A diet rich in protein really helps you lose weight, especially because it causes the person to lose a large amount of water. But in the long term, it gives undesirable results due to the lack of other elements, such as carbohydrates, which can also cause lack of energy and weakness.

The ideal to have good health is to achieve a harmonious combination of proteins, carbohydrates, fats and fiber. But you cannot always get the optimal amount of protein for a day, so sometimes you’ll have to supplement, and that’s the importance of Whey Protein. On the other hand, it is better if the recommended daily intake of protein is made in several small portions during the day (instead of in a single shot). Since it’s unlikely that anyone will consume protein naturally at every meal (you’re not going to snack on grilled chicken, right?), Whey Protein is a good complement.

Types of Whey Protein

Whey Protein is extracted from whey, whose water content is too high (93 to 95%) and only 0.7 to 1.2% protein, a very low value. Therefore, it is necessary to go through a process of microfiltration and ultrafiltration through precipitation by acids or bases, with ion exchange or membrane separation, which results in a higher protein concentration. This will result in 3 types of whey protein:

Concentrated Whey Protein: A economic option, since the cost of preparing this product is cheaper because it only goes through the process of filtering the light, previously mentioned as microfiltration and ultrafiltration. The result is 70 to 80% protein and the rest divided between carbohydrates and fat. Even so, these whey proteins contain high amounts of BCAA and glutamine, in addition to which most peptide fractions are maintained. These particles are responsible for many functions of our body and improve our immunity, since they have antioxidant actions.

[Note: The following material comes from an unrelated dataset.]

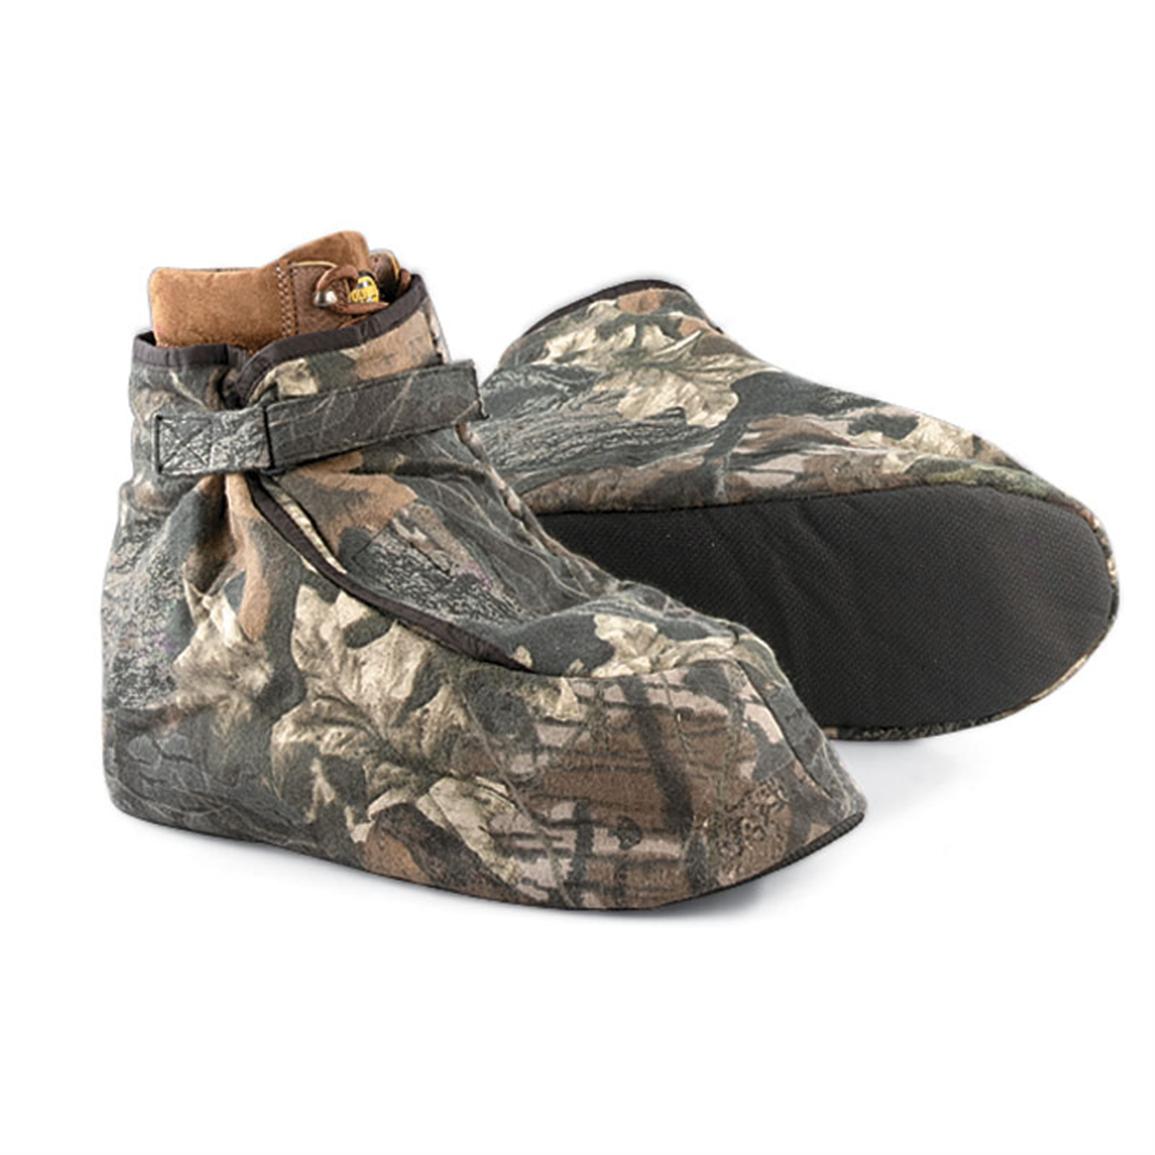 insulated shoe covers

Whey Protein Isolated: Its protein concentration is much higher compared to whey protein concentrate, as it goes through a much larger filtration process and undergoes an ion exchange. The result is up to 95% protein (in some brands the amount of carbohydrates and fat reaches zero). It is a great option for those who are on a calorie reduction diet, with the goal of lowering sizes.

Whey Hydrolyzed Protein: In addition to undergoing careful filtration, this type of whey protein goes through a process known as hydrolysis, which is done to break protein chains into smaller peptide fragments. This makes it easier and faster absorption for the body.